AMD is the leading cause of blindness in the elderly. The pathogenesis of AMD is related to oxidative stress, formation of drusen, accumulation of lipofuscin, and inflammation in the retina. The retina consumes oxygen causing it to be particularly susceptible to oxidative stress. Oxidative stress causes RPE cell death in AMD and then shows a lack of chromatin condensation and DNA fragmentation [21]. One of the targets of many drugs aiming to treat or prevent AMD is the inhibition of oxidative stress or its downstream pathways: inflammation, pathological neovascularization, and miRNA [22-24]. Recently, small-molecule drugs from single compounds were shown to have therapeutic effects in AMD by inhibiting oxidative stress [23]. Curcumin exhibits a strong antioxidant activity, upregulates heme oxygenase-1 (HO-1) (the oxidative stress defense enzyme), and may protect RPE cells against oxidative stress by reducing ROS levels [25]. Paeoniflorin also protects RPE cells against oxidant stress, and canolol prevents oxidative stress-induced cell damage [23, 26].

A previous study showed that the antioxidative activity of P. lobata was attributable to higher contents of the isoflavonoids puerarin, daidzein, and daidzin. P. lobata water extract and puerarin (IC50 value of 756.2 μM) have antioxidant effects against free-radical-mediated damage of red blood cells [27]. Daidzein and daidzin do not possess strong antioxidative effects, with IC50 values over 1000 μM [27]. Our results also showed that the P. lobata extract had an antioxidant effect in H2O2-treated RPE cells (Figure 3(g), 10 μg/mL) and prevented cell death (Figure 2(c), 0.5 and 1 μg/mL). However, the individual components (1 μM) from the P. lobata extract could not significantly inhibit H2O2-induced oxidation in RPE cells. These results indicate that the P. lobata extract, comprising the three individual components, has synergistic effects on antioxidation in RPE cells. Pretreatment with the P. lobata extract showed a preventive effect against H2O2-induced oxidation and cell death.

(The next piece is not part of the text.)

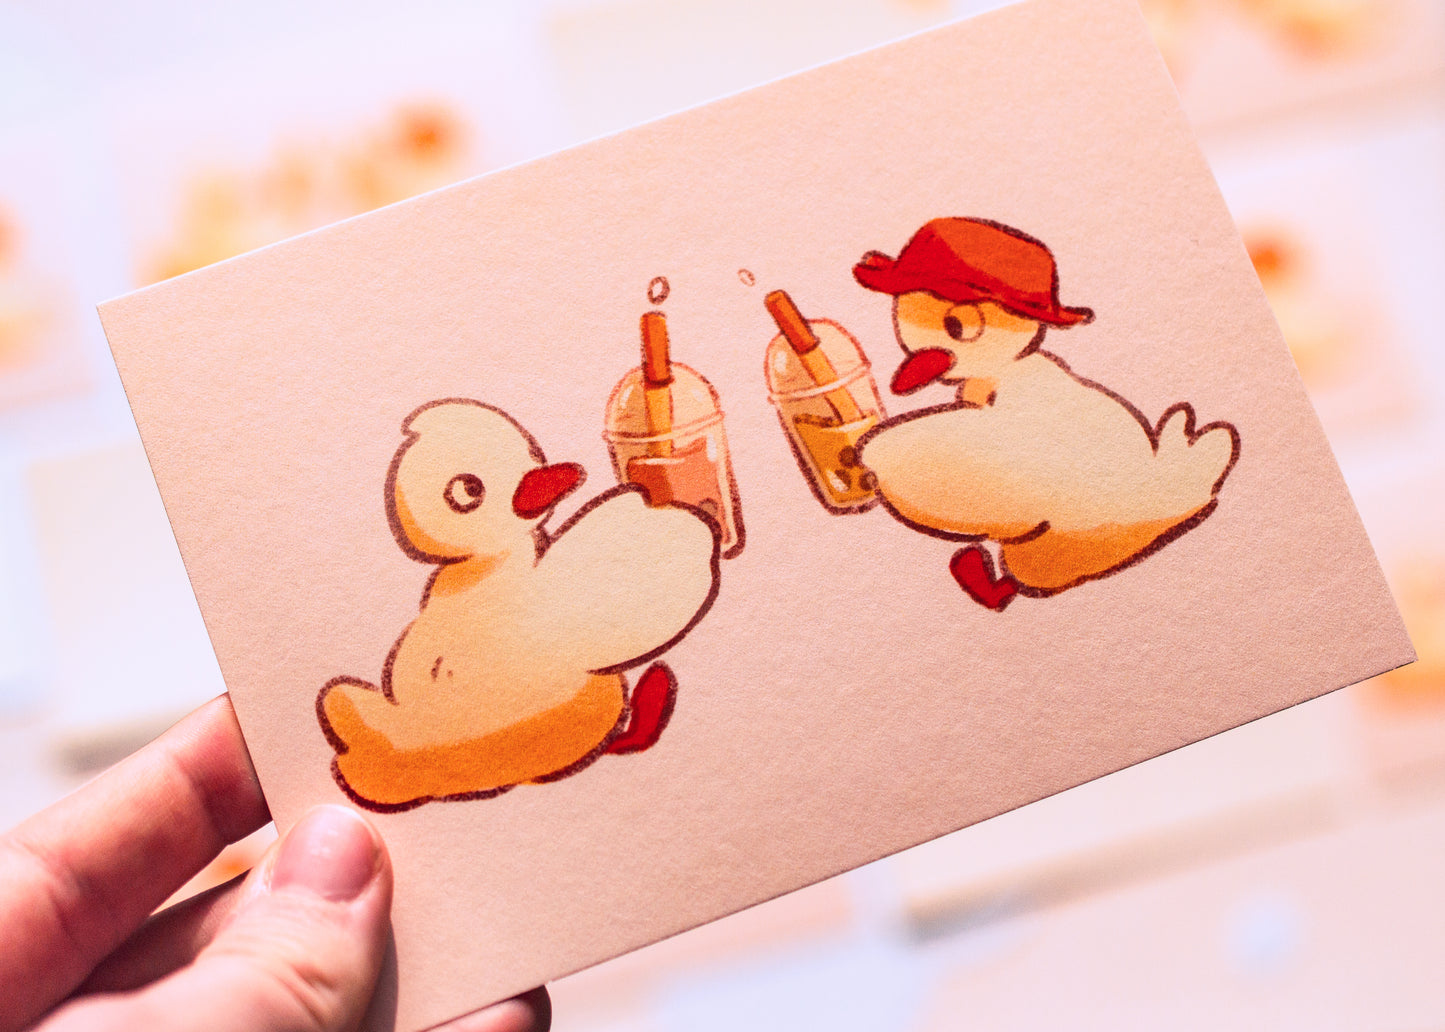 Mini prints - Bubble tea ducks

Tight junctions primarily establish a permeable retinal barrier across epithelial sheets. Occludin is the first transmembrane protein of tight junctions to be identified, and ZO-1 is the first identified tight junction component [28, 29]. The effects of the P. lobata extract on the expression of tight junction proteins and membrane permeability have not been evaluated thus far. In the present study, we reported for the first time that the expression of tight junction proteins decreased in H2O2-treated RPE cells and that the P. lobata extract inhibited the disruption of ZO-1 expression, as observed by western blotting and immunohistochemistry (Figures 4 and 5). Tight junction disruption is related to the p38 MAPK signaling pathway [30, 31]. Inhibition or knockdown of JNK attenuates tight junction disruption [32]. The P. lobata extract inhibited p38 MAPK and JNK phosphorylation related to H2O2-induced tight junction disruption and barrier dysfunction. Pretreatment with P. lobabta extract showed preventive effects against oxidation, cell death, and tight junction disruption in H2O2-treated RPE cells. However, pretreatment with the individual compounds from the P. lobata extract did not show high efficiency compared to that obtained with P. lobata extract pretreatment. Therefore, these findings indicate that the P. lobata extract displays a synergistic effect of the three compounds. P. lobata extract is a crude herbal extract and is difficult to apply direct to the eyes now. However, following preclinical studies in the animal model for retinopathy and AMD and clinical studies, we can consider its clinical use via oral administration or eye drops. A variety of herb eye drops for allergies or eye health are currently on the market [33]. Future preclinical and clinical studies are required to further establish the effects of P. lobata extract.

5. Conclusions

The present study showed that the preventive effect of the P. lobata extract involved the inhibition of ROS generation and cell death in RPE cells. Furthermore, the P. lobata extract prevented tight junction disruption via the p38 MAPK and JNK signaling pathways. Together, these results strongly suggest that the P. lobata extract could be a potential alternative for preventing the development of oxidative stress-related ocular disorders such as AMD.